In breast cancer, Galectin-3 (Gal3) acts as a multifunctional protein that helps the tumor survive, travel, and hide. It is found both inside the cell (cytoplasm/nucleus) and outside in the tumor microenvironment.

1. The "Velcro" of Metastasis (Extracellular)

For a breast tumor to spread to other organs (like the lungs or bones), cancer cells must leave the primary tumor and survive the "harsh" environment of the bloodstream. Gal3 is famously known as the "molecular velcro" of the bloodstream.

• The MUC1 Interaction: On the surface of cancer cells, Gal3 binds to a large protein called MUC1. This interaction exposes adhesion molecules that allow cancer cells to "dock" onto the lining of blood vessels.

• Seeding the Soil: This helps circulating tumor cells (CTCs) stop and invade distant organs, particularly the lungs and bones, facilitating the spread of the disease.

• Migration: It acts like a "glue," allowing cells to grip the extracellular matrix (the scaffolding between cells) to move into new tissues.

2. The "Anti-Death Shield" Against Chemotherapy (Intracellular)

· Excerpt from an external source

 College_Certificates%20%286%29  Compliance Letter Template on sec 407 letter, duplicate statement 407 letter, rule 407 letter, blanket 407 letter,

One of the biggest challenges in treating breast cancer is apoptosis resistance—when cancer cells refuse to die even when treated with chemotherapy. Inside the breast cancer cell, Gal3 acts as a guardian of the mitochondria.

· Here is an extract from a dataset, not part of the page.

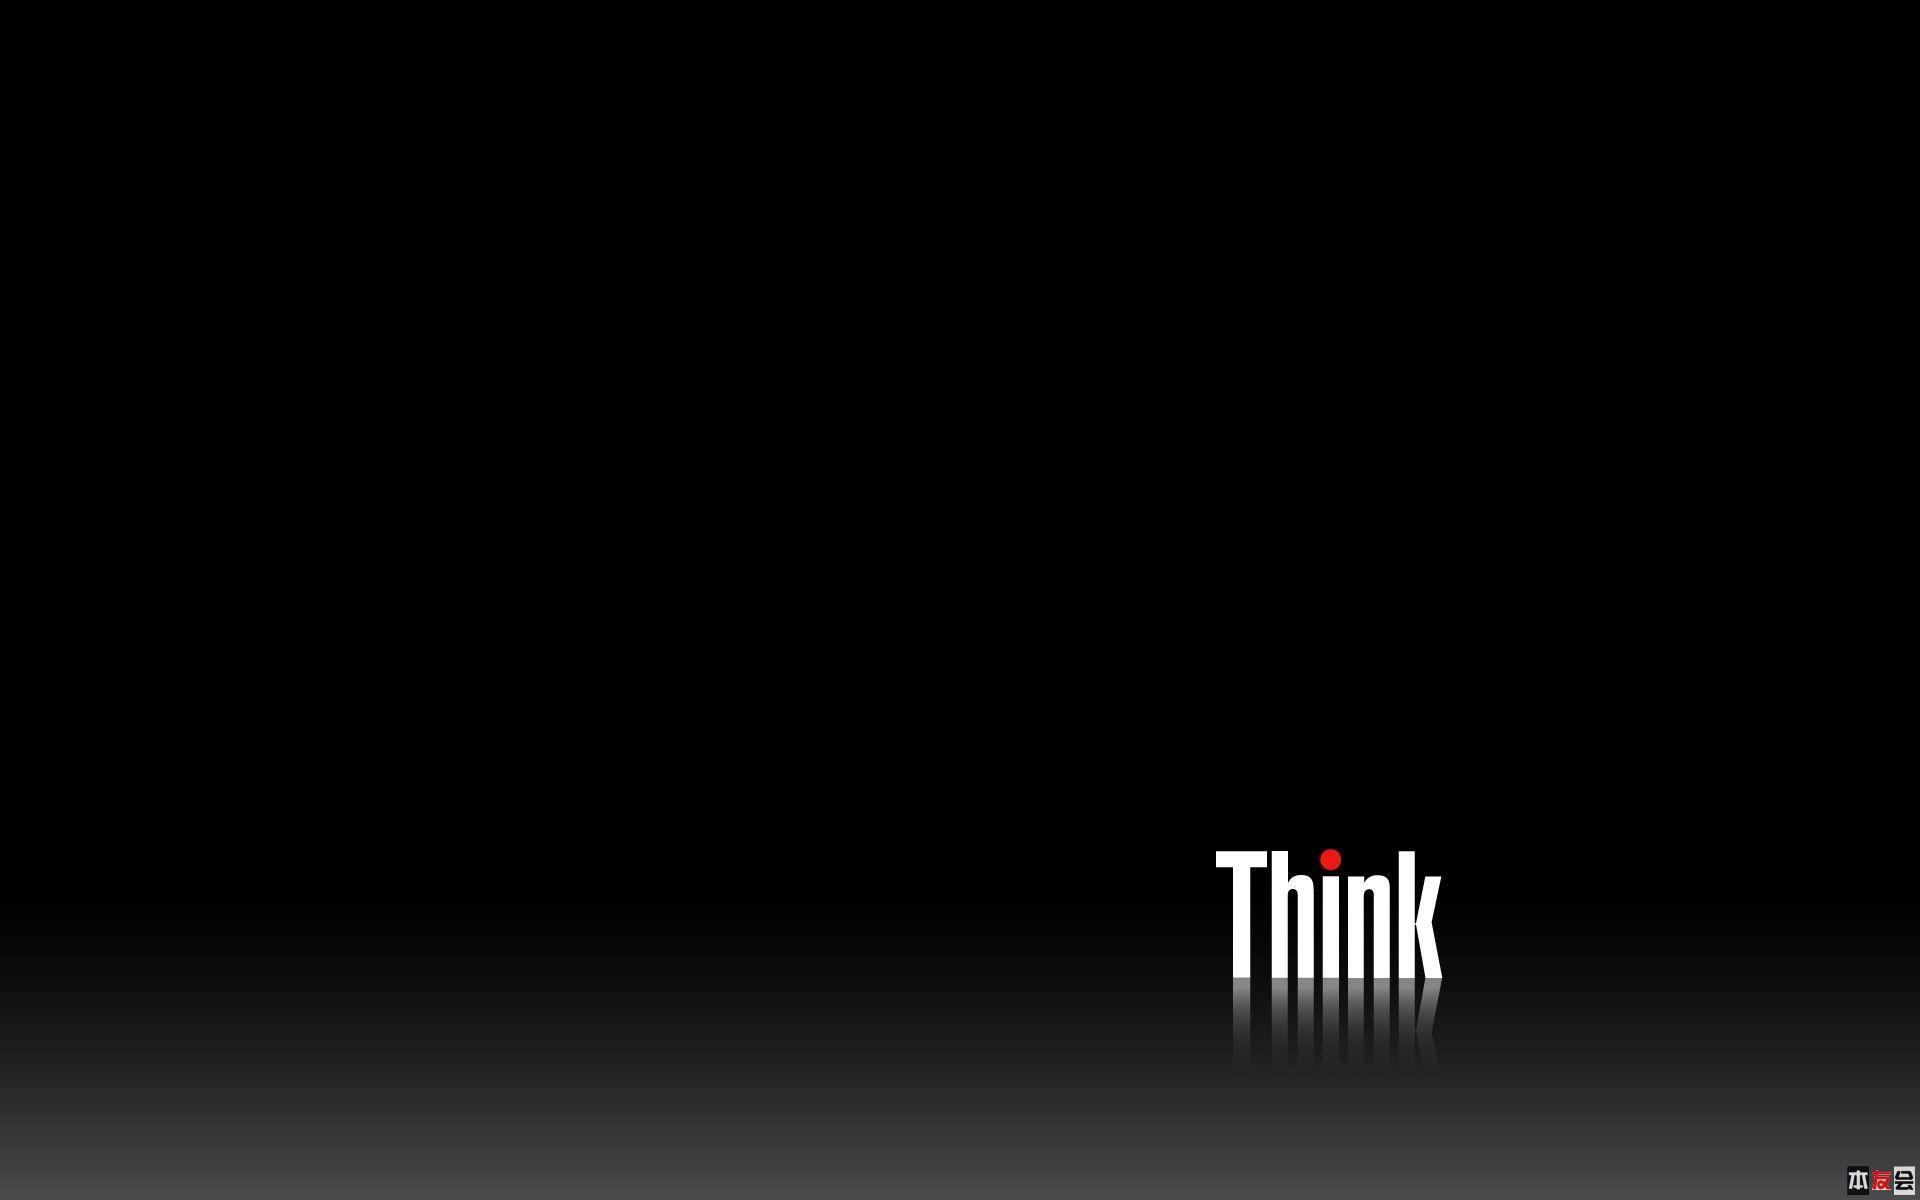 3think_black.jpg

• The NWGR Motif: Inside the cell, Gal-3 contains a specific sequence of amino acids (NWGR) that is almost identical to the Bcl-2 protein (a famous "pro-survival" protein). This motif allows Gal-3 to block the signals that tell a cell to self-destruct. Research shows that high levels of Gal-3 can make Triple-Negative Breast Cancer (TNBC) resistant to drugs like arsenic trioxide.

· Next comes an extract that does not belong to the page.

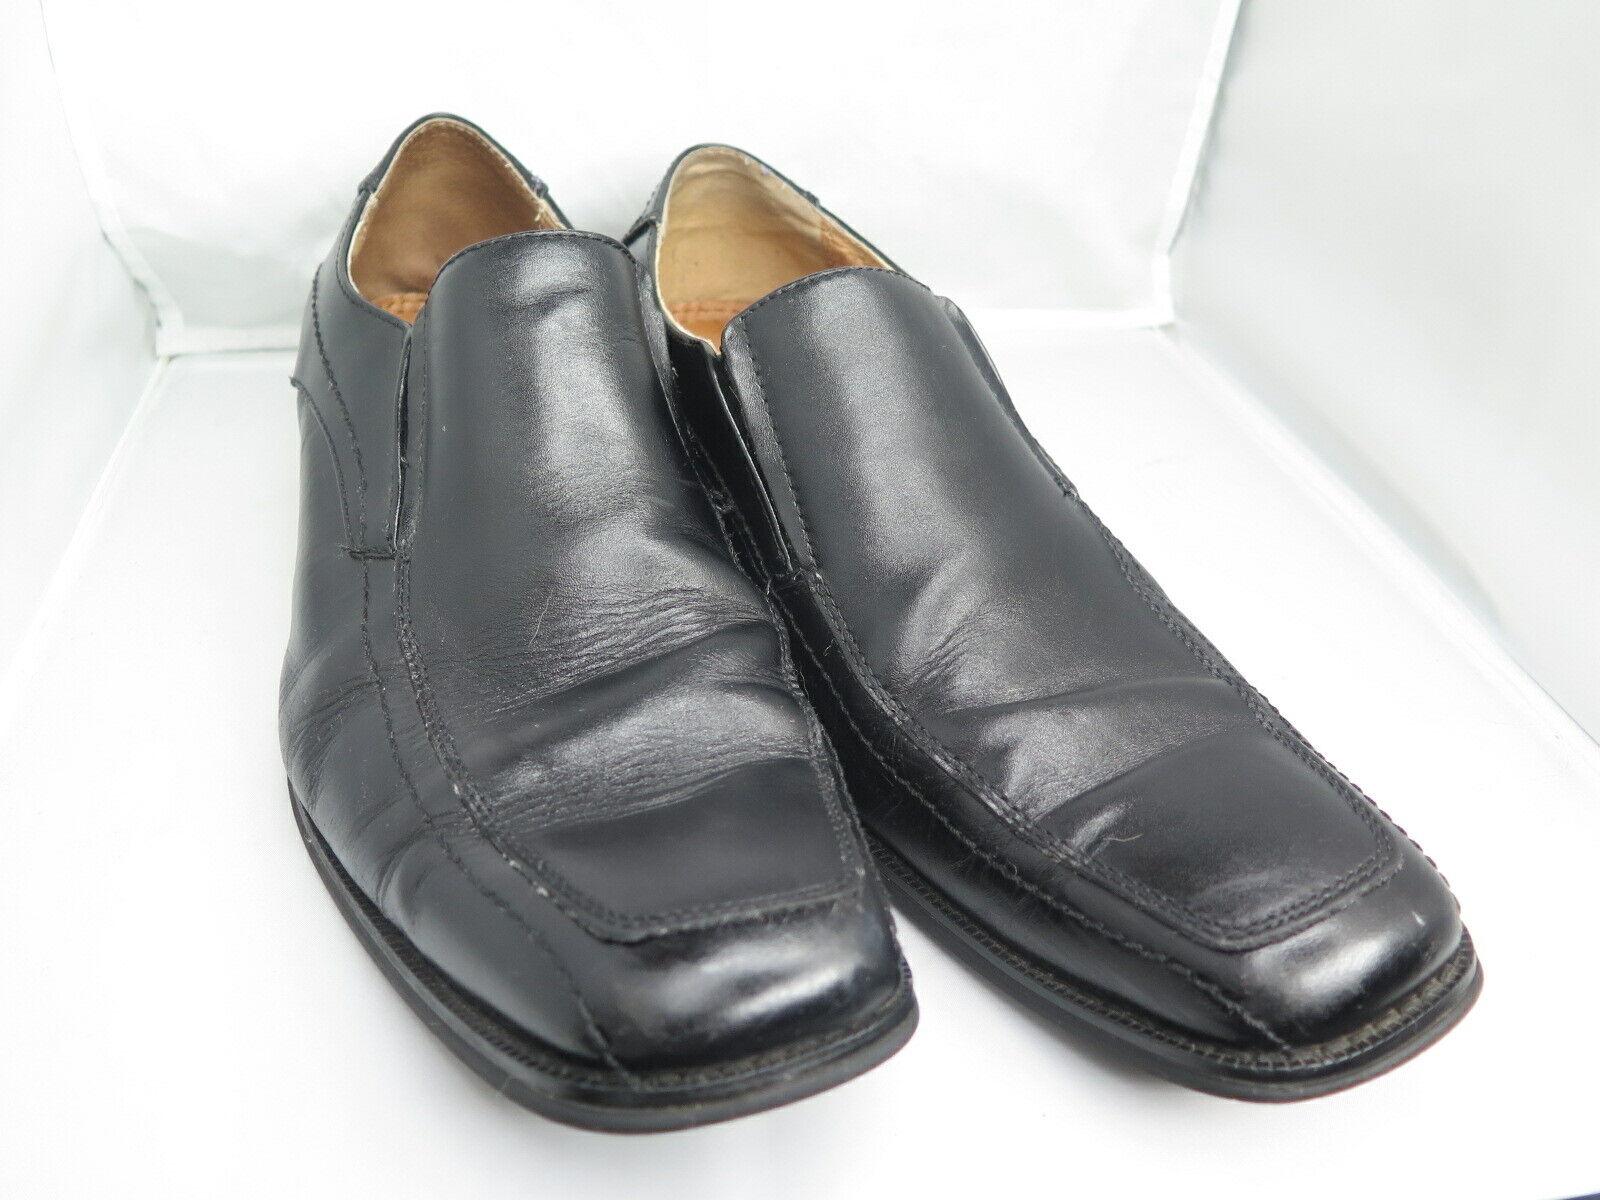 Joseph Abboud Mens Black Leather Slip On Dress Shoes X173421 Size 13M

• Anti-Apoptotic Power: It prevents "programmed cell death" (apoptosis). When chemotherapy drugs try to trigger the cell to die, Gal3 stabilizes the cell’s internal structures, allowing the cancer to survive and become drug-resistant.

3. The "Immune Cloak"

Gal3 is secreted into the space around the tumor to deactivate the body’s natural defenses.

• LAG-3 Activation: When Gal-3 binds to LAG-3, an inhibitory "checkpoint" receptor, it sends a strong "stop" signal to the T cell.

• T-celll Functional Paralysis: This binding is necessary for Gal-3 to suppress T cell effector function. Without Gal-3, T cells in the tumor microenvironment are significantly more active and inflammatory against the tumor.

• Macrophage Subversion: Gal-3 "re-programs" macrophages (the body's cleanup cells). Instead of eating cancer cells, these macrophages become "pro-tumor," actually helping the cancer grow and build new blood vessels (angiogenesis).